[Data for analysis Boundary: Start]

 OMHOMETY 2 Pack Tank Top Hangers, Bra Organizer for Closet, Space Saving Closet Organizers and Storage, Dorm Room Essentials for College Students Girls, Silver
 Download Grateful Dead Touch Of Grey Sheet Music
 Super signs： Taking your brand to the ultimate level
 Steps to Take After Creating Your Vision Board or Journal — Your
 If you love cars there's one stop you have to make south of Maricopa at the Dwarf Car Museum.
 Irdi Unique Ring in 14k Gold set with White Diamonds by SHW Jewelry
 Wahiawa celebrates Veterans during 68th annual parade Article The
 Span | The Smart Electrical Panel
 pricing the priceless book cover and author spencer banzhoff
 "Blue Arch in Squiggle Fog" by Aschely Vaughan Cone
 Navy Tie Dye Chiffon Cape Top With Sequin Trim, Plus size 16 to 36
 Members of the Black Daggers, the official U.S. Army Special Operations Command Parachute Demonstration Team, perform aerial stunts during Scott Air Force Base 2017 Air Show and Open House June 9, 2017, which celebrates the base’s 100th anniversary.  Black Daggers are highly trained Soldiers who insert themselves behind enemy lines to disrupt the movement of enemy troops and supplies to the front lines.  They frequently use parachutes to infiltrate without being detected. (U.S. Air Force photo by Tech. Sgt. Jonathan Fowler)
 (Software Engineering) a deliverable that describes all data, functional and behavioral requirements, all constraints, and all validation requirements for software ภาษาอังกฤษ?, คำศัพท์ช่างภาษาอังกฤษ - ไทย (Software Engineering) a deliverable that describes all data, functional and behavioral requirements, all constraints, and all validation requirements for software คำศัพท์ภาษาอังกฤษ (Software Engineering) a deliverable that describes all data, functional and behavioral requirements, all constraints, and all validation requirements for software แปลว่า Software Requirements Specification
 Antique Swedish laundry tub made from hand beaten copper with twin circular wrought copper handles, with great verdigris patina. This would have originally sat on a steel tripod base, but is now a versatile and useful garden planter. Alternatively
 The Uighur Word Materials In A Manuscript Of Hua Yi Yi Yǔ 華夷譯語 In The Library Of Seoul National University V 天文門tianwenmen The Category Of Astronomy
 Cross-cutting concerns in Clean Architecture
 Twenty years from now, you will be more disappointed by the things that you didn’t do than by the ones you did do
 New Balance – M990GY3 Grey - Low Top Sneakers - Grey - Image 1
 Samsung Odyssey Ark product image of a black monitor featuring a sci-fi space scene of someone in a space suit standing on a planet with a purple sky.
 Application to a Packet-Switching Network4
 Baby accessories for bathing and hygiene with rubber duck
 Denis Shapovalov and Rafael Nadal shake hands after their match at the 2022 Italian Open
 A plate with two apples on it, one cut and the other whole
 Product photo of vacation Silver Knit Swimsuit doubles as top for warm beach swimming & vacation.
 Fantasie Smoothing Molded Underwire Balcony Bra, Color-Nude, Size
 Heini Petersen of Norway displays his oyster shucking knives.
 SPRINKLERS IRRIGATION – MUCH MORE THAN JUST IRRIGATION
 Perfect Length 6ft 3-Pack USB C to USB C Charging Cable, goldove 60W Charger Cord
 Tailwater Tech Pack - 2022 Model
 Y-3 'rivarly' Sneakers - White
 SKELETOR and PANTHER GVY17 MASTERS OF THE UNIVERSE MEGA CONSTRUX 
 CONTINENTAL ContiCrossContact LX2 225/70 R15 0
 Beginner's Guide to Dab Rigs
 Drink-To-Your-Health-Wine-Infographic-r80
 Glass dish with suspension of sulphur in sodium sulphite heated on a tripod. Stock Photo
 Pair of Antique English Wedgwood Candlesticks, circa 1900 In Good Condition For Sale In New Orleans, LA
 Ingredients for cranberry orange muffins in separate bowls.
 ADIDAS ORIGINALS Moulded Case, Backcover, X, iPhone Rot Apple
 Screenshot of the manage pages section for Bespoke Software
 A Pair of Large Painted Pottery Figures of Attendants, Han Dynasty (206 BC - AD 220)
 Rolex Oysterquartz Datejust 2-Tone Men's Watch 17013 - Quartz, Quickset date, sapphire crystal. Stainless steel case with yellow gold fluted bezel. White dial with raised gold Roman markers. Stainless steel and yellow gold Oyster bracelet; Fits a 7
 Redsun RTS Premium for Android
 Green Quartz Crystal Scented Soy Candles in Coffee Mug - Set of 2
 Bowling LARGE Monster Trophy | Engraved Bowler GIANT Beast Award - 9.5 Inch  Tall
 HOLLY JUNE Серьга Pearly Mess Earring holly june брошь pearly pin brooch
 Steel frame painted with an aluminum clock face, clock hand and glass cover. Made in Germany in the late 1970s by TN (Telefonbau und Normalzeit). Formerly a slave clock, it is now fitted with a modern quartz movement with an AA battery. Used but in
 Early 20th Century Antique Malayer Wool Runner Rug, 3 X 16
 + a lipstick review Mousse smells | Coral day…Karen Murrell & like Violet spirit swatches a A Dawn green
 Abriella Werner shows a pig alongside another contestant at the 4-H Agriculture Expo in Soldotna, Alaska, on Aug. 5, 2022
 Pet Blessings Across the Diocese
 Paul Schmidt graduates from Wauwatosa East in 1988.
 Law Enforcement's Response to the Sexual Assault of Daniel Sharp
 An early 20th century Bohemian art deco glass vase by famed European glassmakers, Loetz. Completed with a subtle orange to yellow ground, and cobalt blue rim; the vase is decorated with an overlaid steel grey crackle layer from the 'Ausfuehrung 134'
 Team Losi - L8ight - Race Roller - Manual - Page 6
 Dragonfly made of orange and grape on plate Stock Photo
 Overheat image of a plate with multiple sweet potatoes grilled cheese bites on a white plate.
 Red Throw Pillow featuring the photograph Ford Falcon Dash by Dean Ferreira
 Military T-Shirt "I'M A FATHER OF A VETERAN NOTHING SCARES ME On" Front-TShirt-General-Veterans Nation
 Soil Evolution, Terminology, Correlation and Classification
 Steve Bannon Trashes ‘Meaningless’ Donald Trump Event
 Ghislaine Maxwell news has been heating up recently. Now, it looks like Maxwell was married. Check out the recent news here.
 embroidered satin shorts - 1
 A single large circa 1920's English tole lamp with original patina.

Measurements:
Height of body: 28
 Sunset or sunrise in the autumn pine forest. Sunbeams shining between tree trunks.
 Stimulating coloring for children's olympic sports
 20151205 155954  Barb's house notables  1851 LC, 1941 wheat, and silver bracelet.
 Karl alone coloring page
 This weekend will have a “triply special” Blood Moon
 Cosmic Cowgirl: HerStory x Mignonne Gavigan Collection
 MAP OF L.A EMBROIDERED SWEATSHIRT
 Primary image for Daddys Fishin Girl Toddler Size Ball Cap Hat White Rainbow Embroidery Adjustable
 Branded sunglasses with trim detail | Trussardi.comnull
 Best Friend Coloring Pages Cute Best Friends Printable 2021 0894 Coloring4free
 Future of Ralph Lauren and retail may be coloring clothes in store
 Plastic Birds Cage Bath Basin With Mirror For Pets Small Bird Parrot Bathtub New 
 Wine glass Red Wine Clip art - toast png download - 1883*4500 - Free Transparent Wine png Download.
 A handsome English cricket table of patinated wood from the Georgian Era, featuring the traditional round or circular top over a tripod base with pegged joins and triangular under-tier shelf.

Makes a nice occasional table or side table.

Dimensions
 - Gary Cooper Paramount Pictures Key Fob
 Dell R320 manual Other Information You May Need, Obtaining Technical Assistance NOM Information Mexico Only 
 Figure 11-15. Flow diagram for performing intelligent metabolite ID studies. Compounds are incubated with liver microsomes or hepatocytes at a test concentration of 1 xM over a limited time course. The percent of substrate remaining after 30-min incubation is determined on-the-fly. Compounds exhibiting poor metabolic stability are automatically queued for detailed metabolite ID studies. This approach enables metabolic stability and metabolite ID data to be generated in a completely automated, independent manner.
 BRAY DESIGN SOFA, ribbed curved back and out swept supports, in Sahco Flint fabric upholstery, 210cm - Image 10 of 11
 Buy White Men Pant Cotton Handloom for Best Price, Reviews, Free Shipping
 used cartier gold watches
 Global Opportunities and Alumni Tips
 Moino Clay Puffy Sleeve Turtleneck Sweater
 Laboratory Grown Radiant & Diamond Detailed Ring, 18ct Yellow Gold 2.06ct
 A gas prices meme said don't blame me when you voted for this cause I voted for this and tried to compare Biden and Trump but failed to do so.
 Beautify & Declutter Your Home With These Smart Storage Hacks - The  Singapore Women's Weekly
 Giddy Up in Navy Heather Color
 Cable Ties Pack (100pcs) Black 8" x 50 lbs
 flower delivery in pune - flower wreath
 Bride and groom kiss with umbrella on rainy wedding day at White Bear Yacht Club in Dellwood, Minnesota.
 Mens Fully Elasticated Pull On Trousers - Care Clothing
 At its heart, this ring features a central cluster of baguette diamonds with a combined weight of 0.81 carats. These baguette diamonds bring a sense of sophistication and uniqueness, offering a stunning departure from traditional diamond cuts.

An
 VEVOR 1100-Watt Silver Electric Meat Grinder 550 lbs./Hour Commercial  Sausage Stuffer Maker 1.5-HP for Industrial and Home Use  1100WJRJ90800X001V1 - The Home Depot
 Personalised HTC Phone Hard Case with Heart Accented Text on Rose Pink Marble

[Data for analysis Boundary: End]

After locating the line with "HOLLY JUNE Серьга" above, return that line and every later line through the one with "Height of body: 28", word for word and with nothing else.

 HOLLY JUNE Серьга Pearly Mess Earring holly june брошь pearly pin brooch
 Steel frame painted with an aluminum clock face, clock hand and glass cover. Made in Germany in the late 1970s by TN (Telefonbau und Normalzeit). Formerly a slave clock, it is now fitted with a modern quartz movement with an AA battery. Used but in
 Early 20th Century Antique Malayer Wool Runner Rug, 3 X 16
 + a lipstick review Mousse smells | Coral day…Karen Murrell & like Violet spirit swatches a A Dawn green
 Abriella Werner shows a pig alongside another contestant at the 4-H Agriculture Expo in Soldotna, Alaska, on Aug. 5, 2022
 Pet Blessings Across the Diocese
 Paul Schmidt graduates from Wauwatosa East in 1988.
 Law Enforcement's Response to the Sexual Assault of Daniel Sharp
 An early 20th century Bohemian art deco glass vase by famed European glassmakers, Loetz. Completed with a subtle orange to yellow ground, and cobalt blue rim; the vase is decorated with an overlaid steel grey crackle layer from the 'Ausfuehrung 134'
 Team Losi - L8ight - Race Roller - Manual - Page 6
 Dragonfly made of orange and grape on plate Stock Photo
 Overheat image of a plate with multiple sweet potatoes grilled cheese bites on a white plate.
 Red Throw Pillow featuring the photograph Ford Falcon Dash by Dean Ferreira
 Military T-Shirt "I'M A FATHER OF A VETERAN NOTHING SCARES ME On" Front-TShirt-General-Veterans Nation
 Soil Evolution, Terminology, Correlation and Classification
 Steve Bannon Trashes ‘Meaningless’ Donald Trump Event
 Ghislaine Maxwell news has been heating up recently. Now, it looks like Maxwell was married. Check out the recent news here.
 embroidered satin shorts - 1
 A single large circa 1920's English tole lamp with original patina.

Measurements:
Height of body: 28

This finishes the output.